Skin infections represent an extraordinarily diverse category of infectious disease, encompassing conditions caused by bacteria, viruses, fungi, and parasites that collectively generate one of the largest volumes of clinical consultations in primary care and emergency medicine. The skin, the largest organ of the human body covering approximately two square meters of surface area and serving as the primary physical barrier between the internal milieu and the external microbial environment, is continuously exposed to the extraordinary biodiversity of environmental microorganisms and harbors its own resident microbiome of commensal bacteria, fungi, and viruses that collectively form the cutaneous microbial ecosystem of the skin microbiome. When the physical integrity of the skin barrier is compromised by trauma, maceration, underlying dermatological conditions, or circulatory insufficiency, or when the virulence of an invading pathogen exceeds the capacity of the skin immune defenses to contain it, clinical infection results in the diverse spectrum of presentations that range from the trivial folliculitis of a shaving irritation to the life-threatening necrotizing fasciitis that can spread through fascial planes with lethal rapidity in susceptible individuals.

The clinical importance of skin infections extends beyond their individual morbidity to encompass their role as reservoirs for community transmission of important bacterial pathogens, their contribution to the global antimicrobial resistance crisis through the massive antibiotic prescribing they generate, and their capacity in immunocompromised individuals to serve as portals of entry for systemic infection with otherwise skin-limited pathogens.
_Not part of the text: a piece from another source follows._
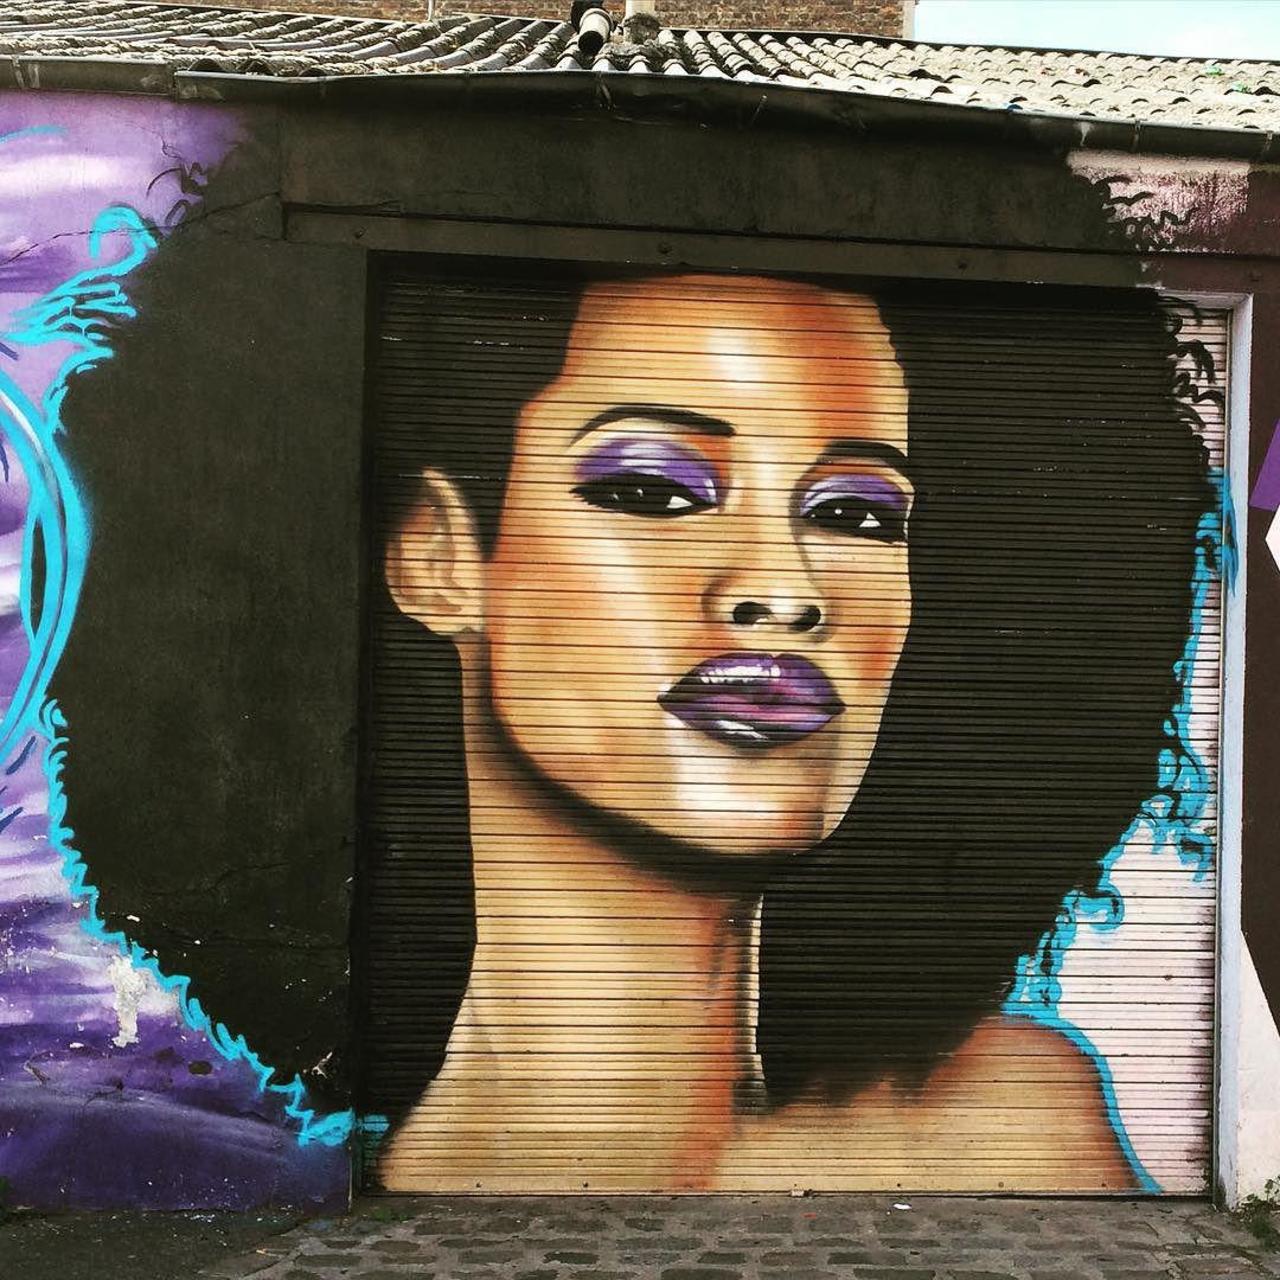 #Paris #graffiti photo by @elricoelmagnifico http://ift.tt/1jvY7J8 #StreetArt http://t.co/dYHSkBO4In

Staphylococcus aureus, the most important skin pathogen in clinical medicine, colonizes the anterior nares of approximately thirty percent of the general adult population and the skin of a significant additional proportion, serving as the primary reservoir from which community-acquired and healthcare-associated skin and soft tissue infections arise. The emergence and community dissemination of methicillin-resistant Staphylococcus aureus strains capable of causing severe skin infections in previously healthy individuals without healthcare exposure has transformed the clinical approach to skin infections, requiring empirical coverage of methicillin-resistant strains in many clinical contexts where beta-lactam therapy would previously have been the straightforward first-line choice.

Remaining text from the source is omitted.